One checks that $\mathcal{D}$ is a $\lambda$ -system: $\mathbb{R}^n \in \mathcal{D}$ by Step 3; if $U \subseteq V$ are in $\mathcal{D}$ and both have finite measure then $V \setminus U \in \mathcal{D}$ by additivity; and $\mathcal{D}$ is closed under increasing unions by monotone convergence. Since $\mathcal{D}$ contains the $\pi$ -system of half-open cubes, the $\pi$ - $\lambda$ theorem gives $\mathcal{B}(\mathbb{R}^n) = \sigma(\text{half-open cubes}) \subseteq \mathcal{D}$ . Hence

\nu(U) = |\det A|\,|U| \qquad \text{for all } U \in \mathcal{B}(\mathbb{R}^n).

Step 5: Extend to all subsets. For arbitrary $U \subseteq \mathbb{R}^n$ ,

|U| = \inf\{|V| \mid V \supseteq U,\ V \in \mathcal{B}(\mathbb{R}^n)\}.

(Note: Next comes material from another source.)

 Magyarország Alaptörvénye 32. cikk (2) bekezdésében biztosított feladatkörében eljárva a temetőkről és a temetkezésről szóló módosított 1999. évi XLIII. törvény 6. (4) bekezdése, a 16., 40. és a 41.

Since $A$ is a bijection, $A$ maps Borel sets to Borel sets and $U \subseteq V \Rightarrow A(U) \subseteq A(V)$ . Therefore

\begin{aligned} |A(U)| &= \inf\{|A(V)| \mid V \supseteq U,\ V \in \mathcal{B}(\mathbb{R}^n)\} \\ &= \inf\{|\det A|\,|V| \mid V \supseteq U,\ V \in \mathcal{B}(\mathbb{R}^n)\} \\ &= |\det A|\,|U|. \end{aligned}

■

References

[1] J. Serra, Analysis II, ETH Zürich lecture notes.

[2] J. M. Lee, Introduction to Smooth Manifolds, 2nd ed., Grad. Texts in Math., vol. 218, Springer, New York, 2013.

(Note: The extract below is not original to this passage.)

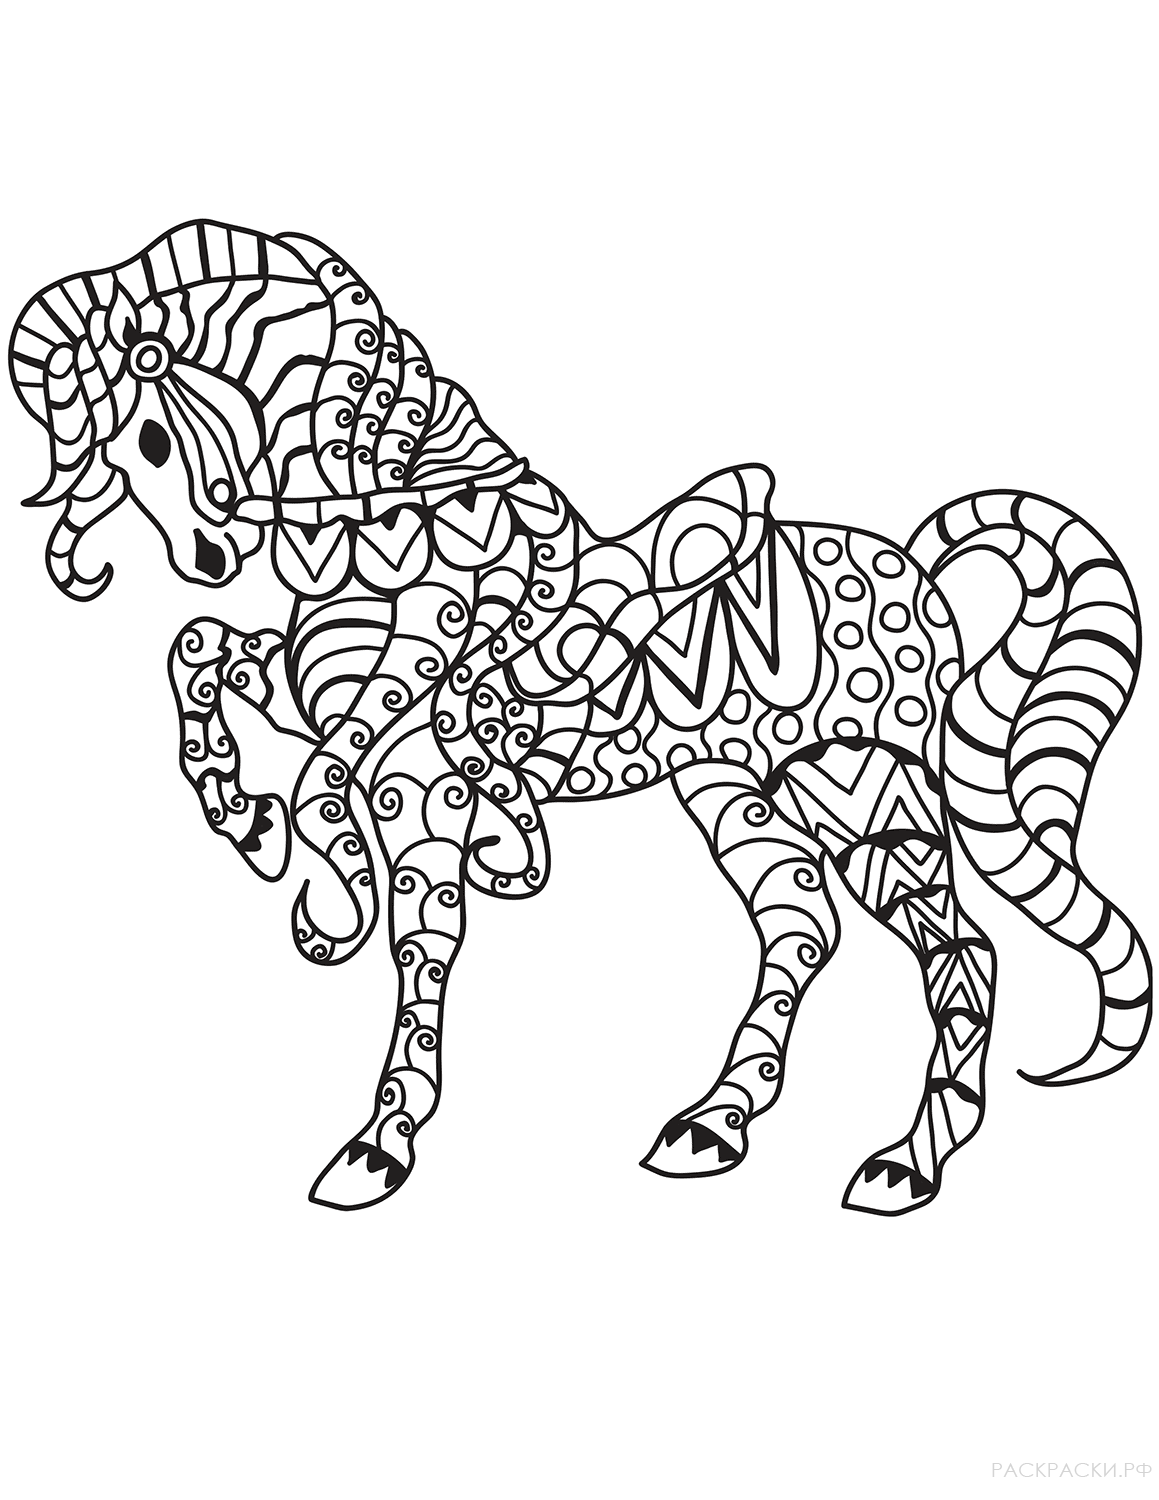 Раскраска Лошадь в технике дзентангл 7
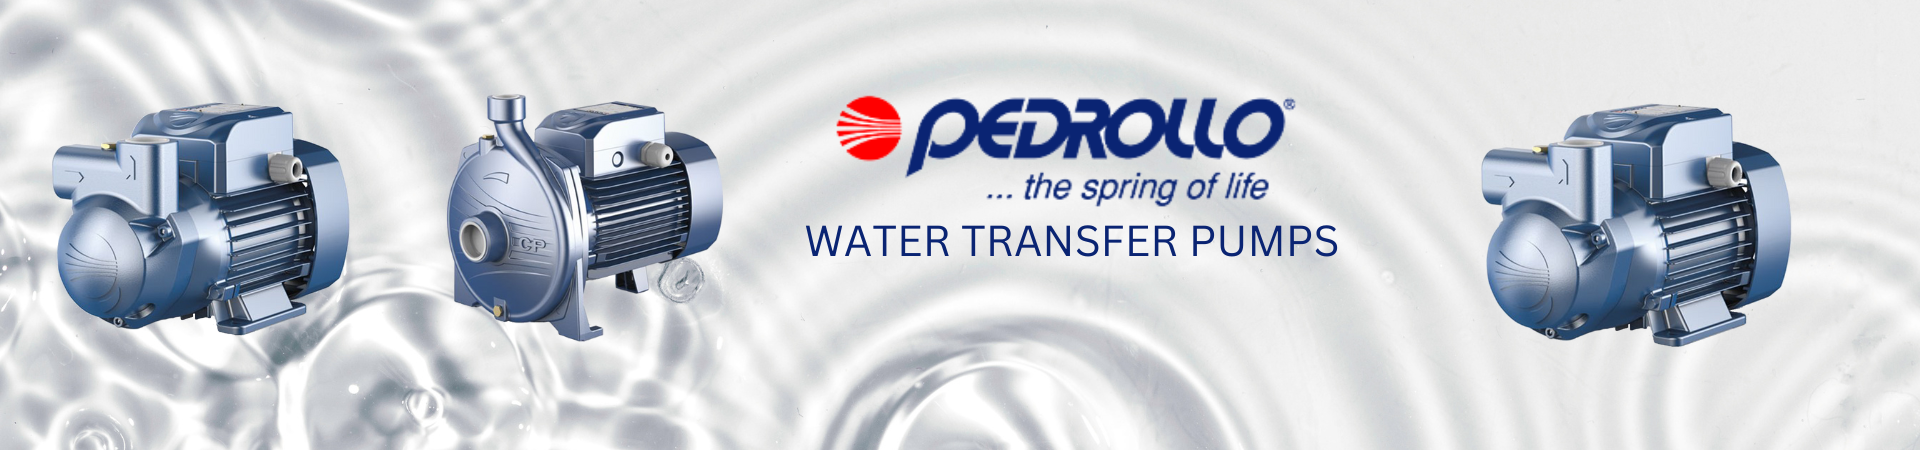 PEDROLLO Water Transfer Pumps

[3] A.-L. Cauchy, “Mémoire sur les fonctions qui ne peuvent obtenir que deux valeurs égales et de signes contraires par suite des transpositions opérées entre les variables qu'elles renferment,” 1812.

[4] H. Lebesgue, Intégrale, longueur, aire, Annali di Matematica Pura ed Applicata, 1902.

[5] C. Carathéodory, Vorlesungen über reelle Funktionen, Teubner, 1918.

[6] A. Haar, “Der Massbegriff in der Theorie der kontinuierlichen Gruppen,” Annals of Mathematics, 34 (1933), 147–169.

[7] P. R. Halmos, Measure Theory, Springer, 1950.

[8] G. B. Folland, Real Analysis: Modern Techniques and Their Applications, 2nd ed., Wiley, 1999.

[9] G. W. Stewart, “On the Early History of the Singular Value Decomposition,” SIAM Review, 35(4), 1993, pp. 551–566.

[10] E. Beltrami, “Sulle funzioni bilineari,” Giornale di Matematiche ad Uso degli Studenti Delle Universita, 11, 1873, pp. 98–106.

[11] C. Jordan, “Mémoire sur les formes bilinéaires,” Journal de Mathématiques Pures et Appliquées, 19, 1874, pp. 35–54.

[12] C. Eckart and G. Young, “The approximation of one matrix by another of lower rank,” Psychometrika, 1, 1936, pp. 211–218.

[13] G. H. Golub and C. Reinsch, “Singular Value Decomposition and Least Squares Solutions,” Numerische Mathematik, 14, 1970, pp. 403–420.